RELATED: The right must choose: Fight the real war, or cosplay revolution online
Aaron Schwartz/Bloomberg via Getty Images
This moment is different
What happened in California was not a foreign conflict bleeding into the United States or a solitary extremist acting on impulse. It was an organized domestic group, steeped in ideological narratives long validated by universities, activist networks, and the media.
The language that once circulated on campuses and social media is now appearing in criminal indictments. “Liberation” has become a justification for explosives. “Resistance” has become a plan with a date and a time. When groups openly call for the destruction of the United States and then prepare bombs to make it happen, the country has entered a new phase. Pretending things have not gotten worse, that we have not crossed a line as a country, is reckless denial.
Every movement like this depends on confusion. Its supporters insist that calls for America’s destruction are symbolic, even as they stockpile weapons. They denounce violence while preparing for it. They cloak criminal intent in the language of justice and morality. That ambiguity is not accidental. It is deliberate.

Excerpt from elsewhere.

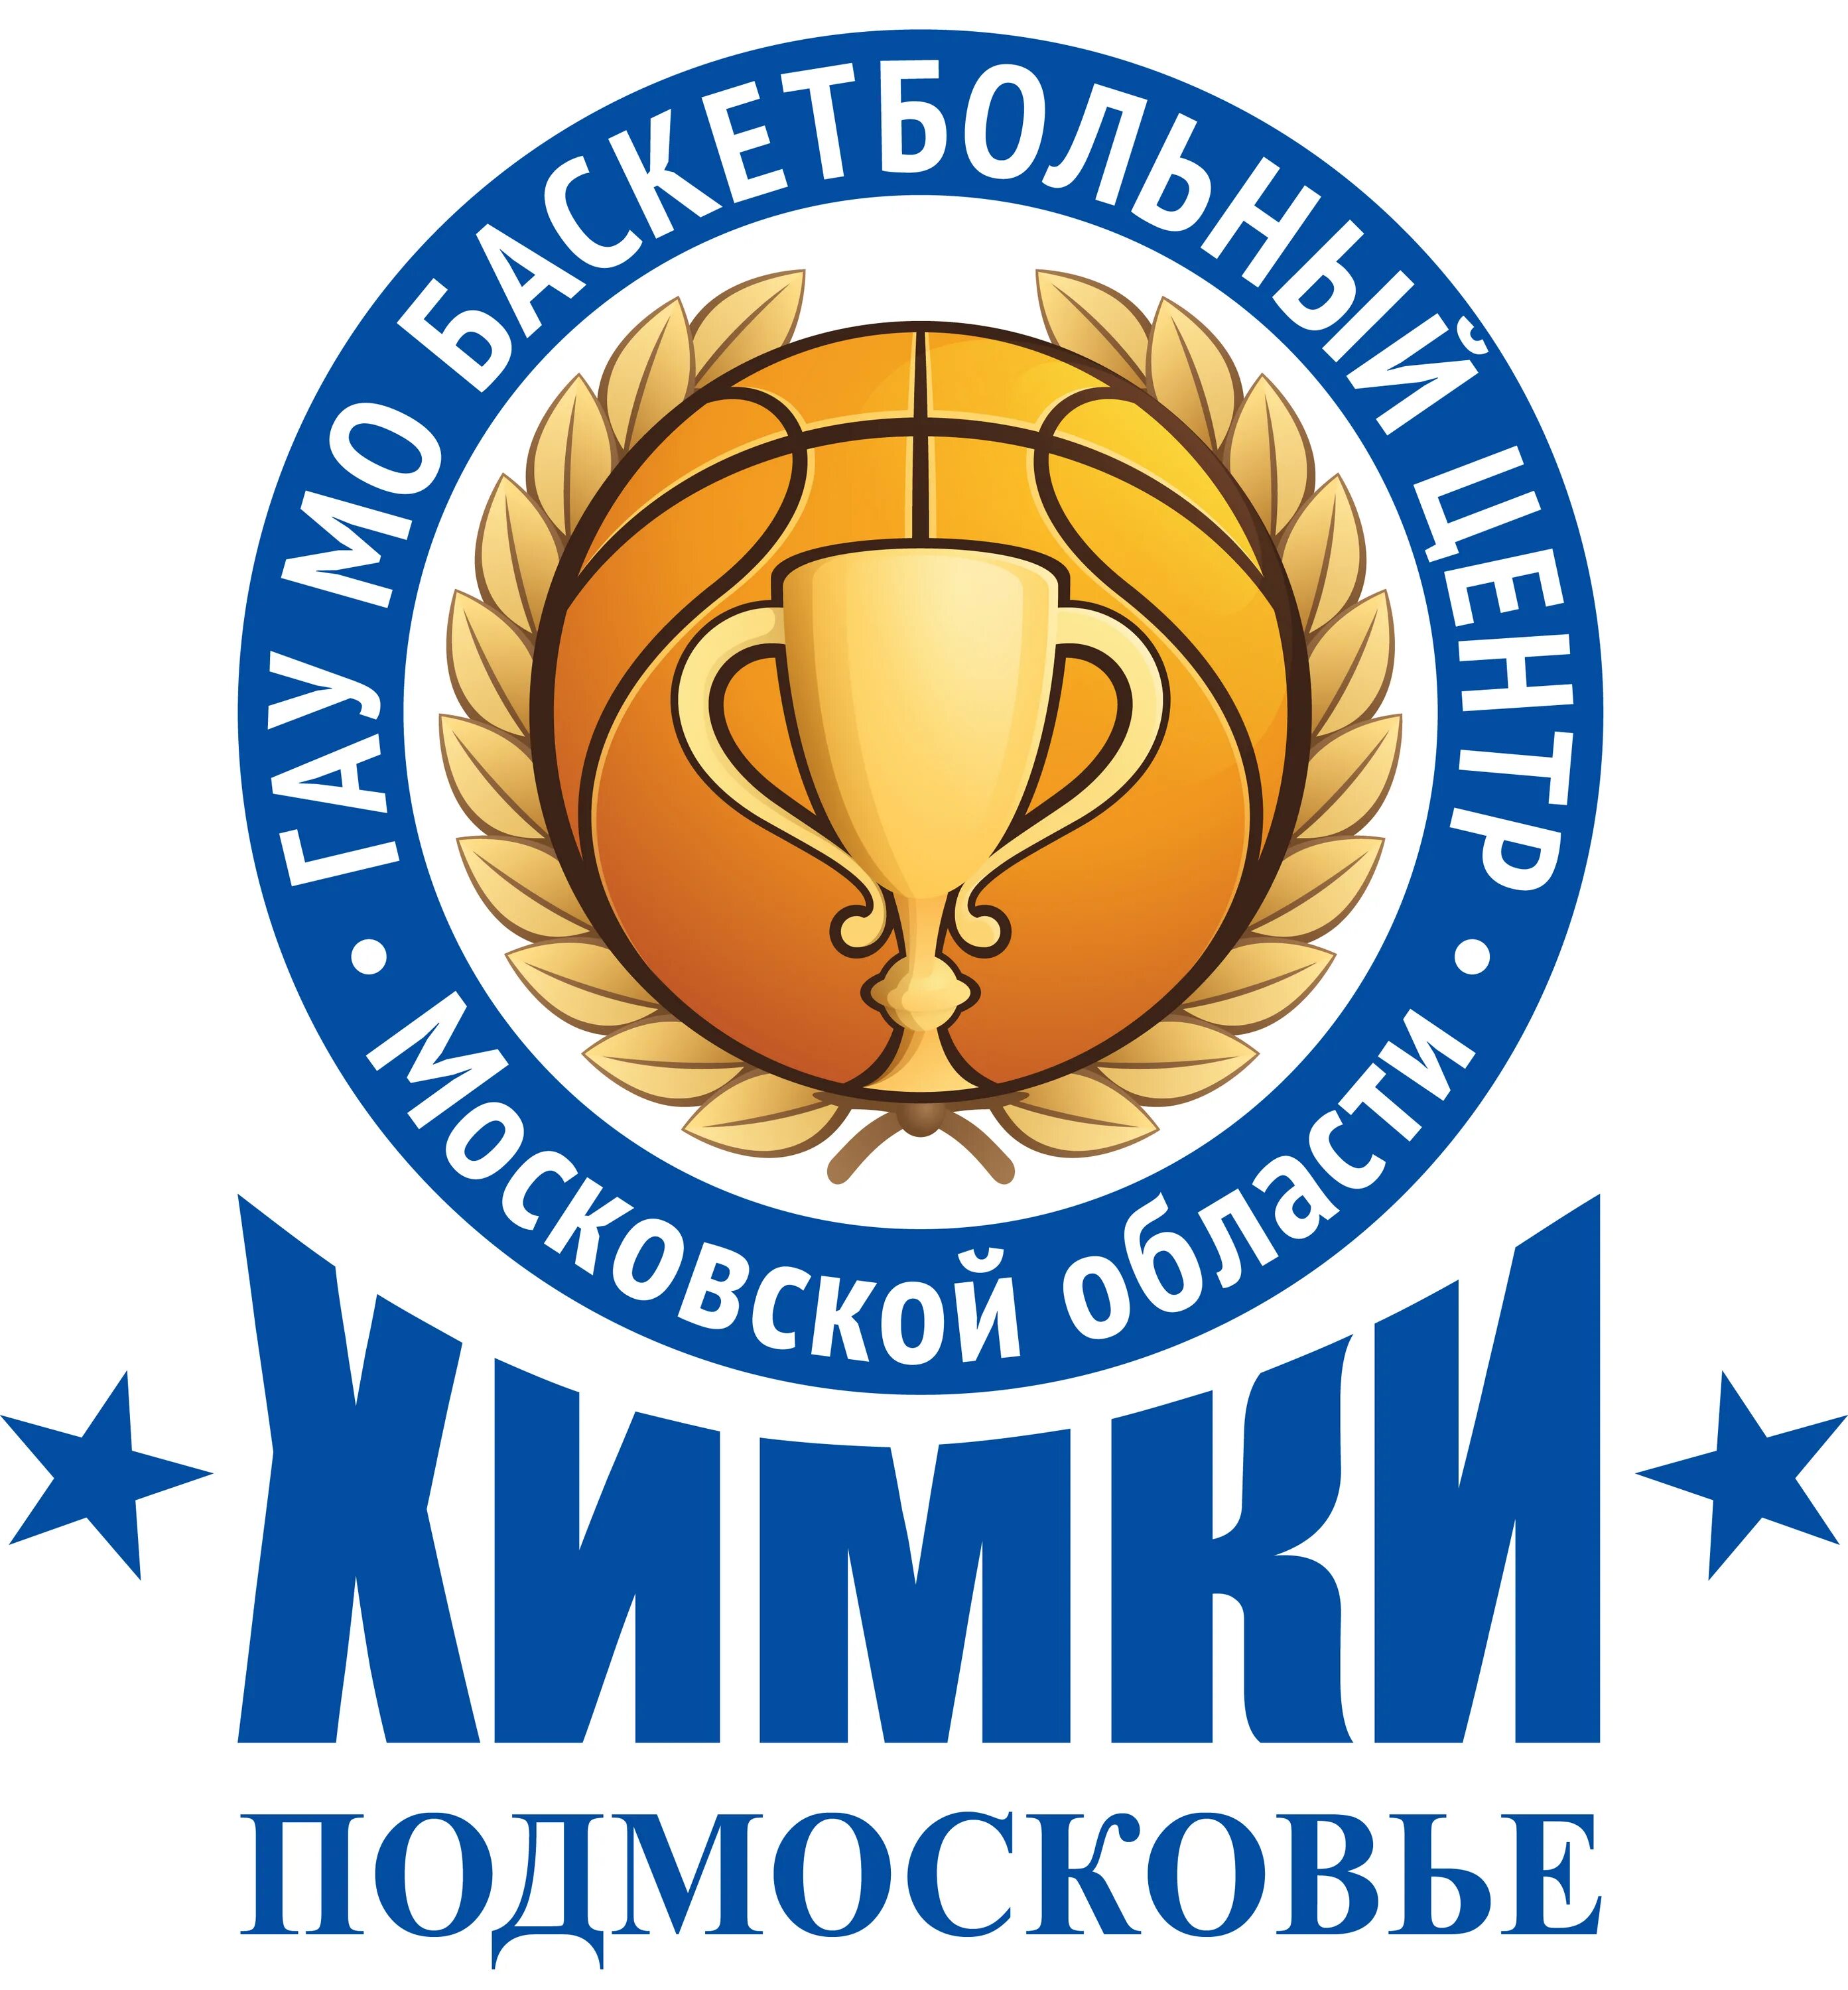 Государственное автономное учреждение московской области. Баскетбольный центр Химки. Команда БК Химки. Химки баскетбольный клуб. «Химки-2» логотип.

The California plot should end the debate over whether these red-green alliances exist. They do. The only question left is whether the country will recognize the pattern before more plots advance farther — and succeed.
This is not about one group, one ideology, or one arrest. It is about a growing coalition that has moved past rhetoric and into action. History leaves no doubt where that path leads. The only uncertainty is whether Americans will step in and stop it.